| TASK STATEMENT |
Quote exactly, and only, the lines of the material below from the line with "Le culte des" through the line with "Κουβέρτα Fleece Υπέρδιπλη".

| EXERCISE DATA |
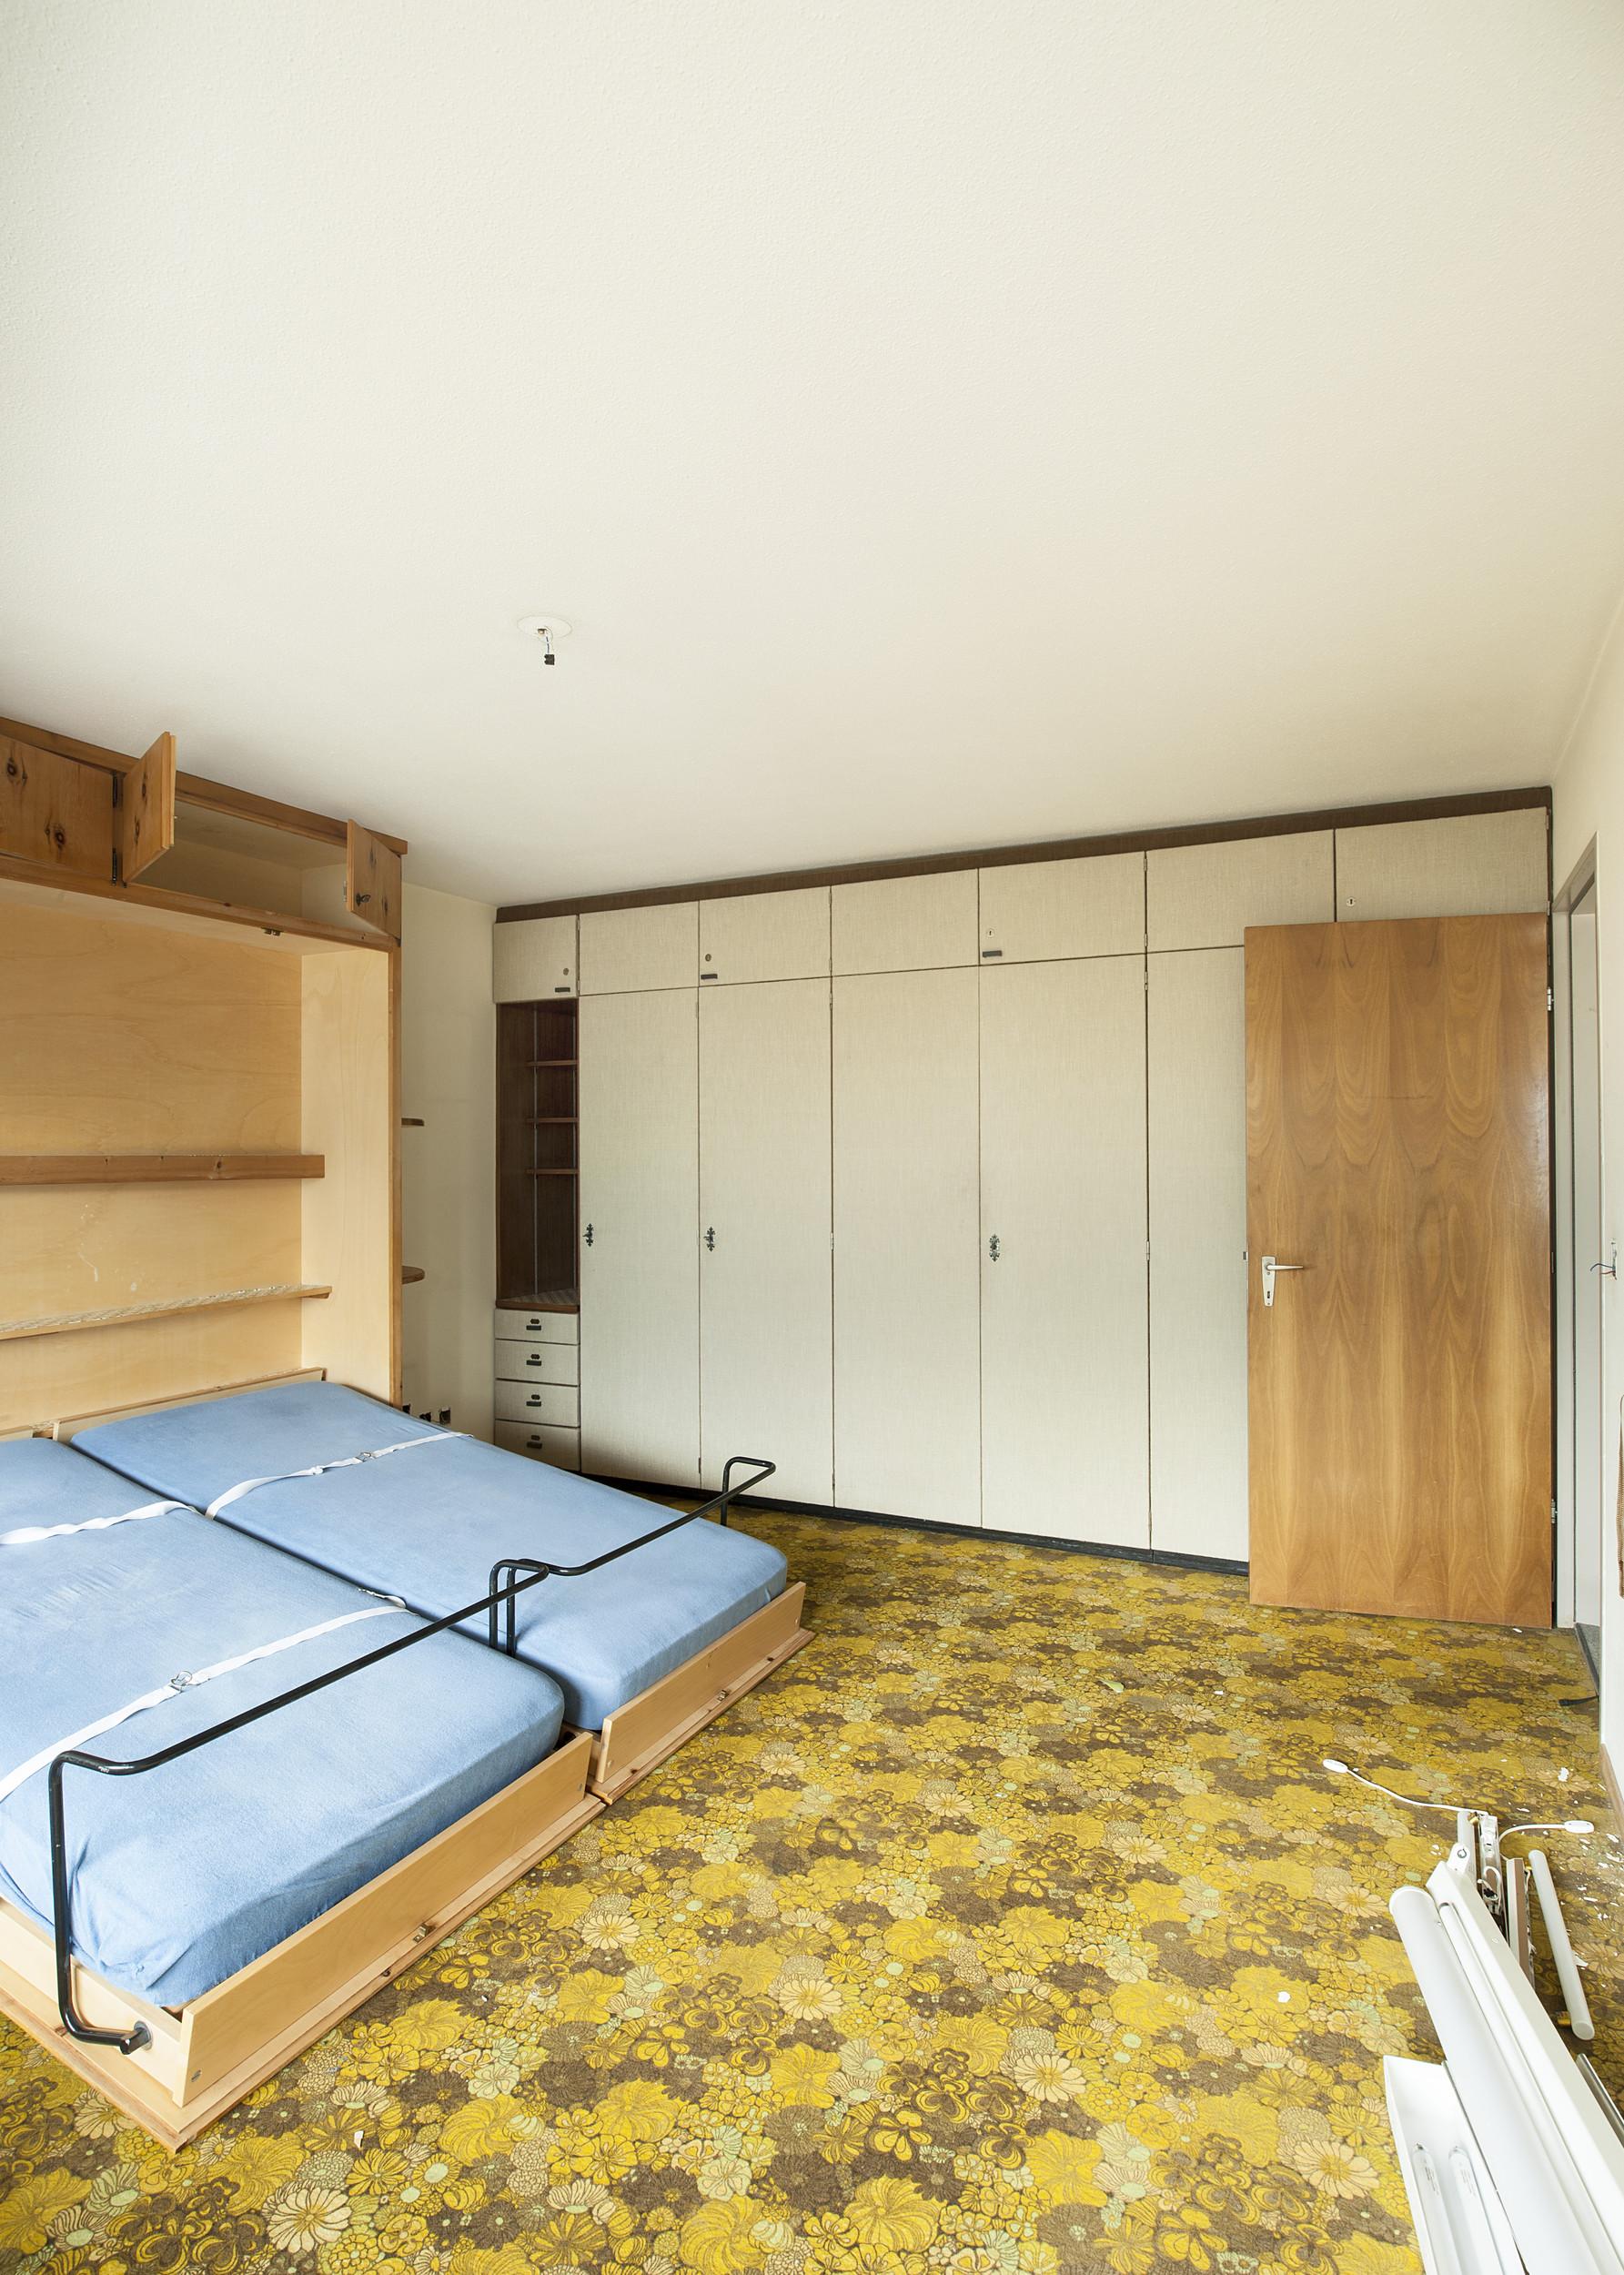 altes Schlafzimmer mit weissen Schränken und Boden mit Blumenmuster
==
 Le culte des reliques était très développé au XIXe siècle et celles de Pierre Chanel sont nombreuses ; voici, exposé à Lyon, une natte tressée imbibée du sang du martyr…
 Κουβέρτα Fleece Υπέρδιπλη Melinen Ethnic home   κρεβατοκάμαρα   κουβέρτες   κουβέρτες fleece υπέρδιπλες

| RESPONSE |
 Le culte des reliques était très développé au XIXe siècle et celles de Pierre Chanel sont nombreuses ; voici, exposé à Lyon, une natte tressée imbibée du sang du martyr…
 Κουβέρτα Fleece Υπέρδιπλη Melinen Ethnic home   κρεβατοκάμαρα   κουβέρτες   κουβέρτες fleece υπέρδιπλες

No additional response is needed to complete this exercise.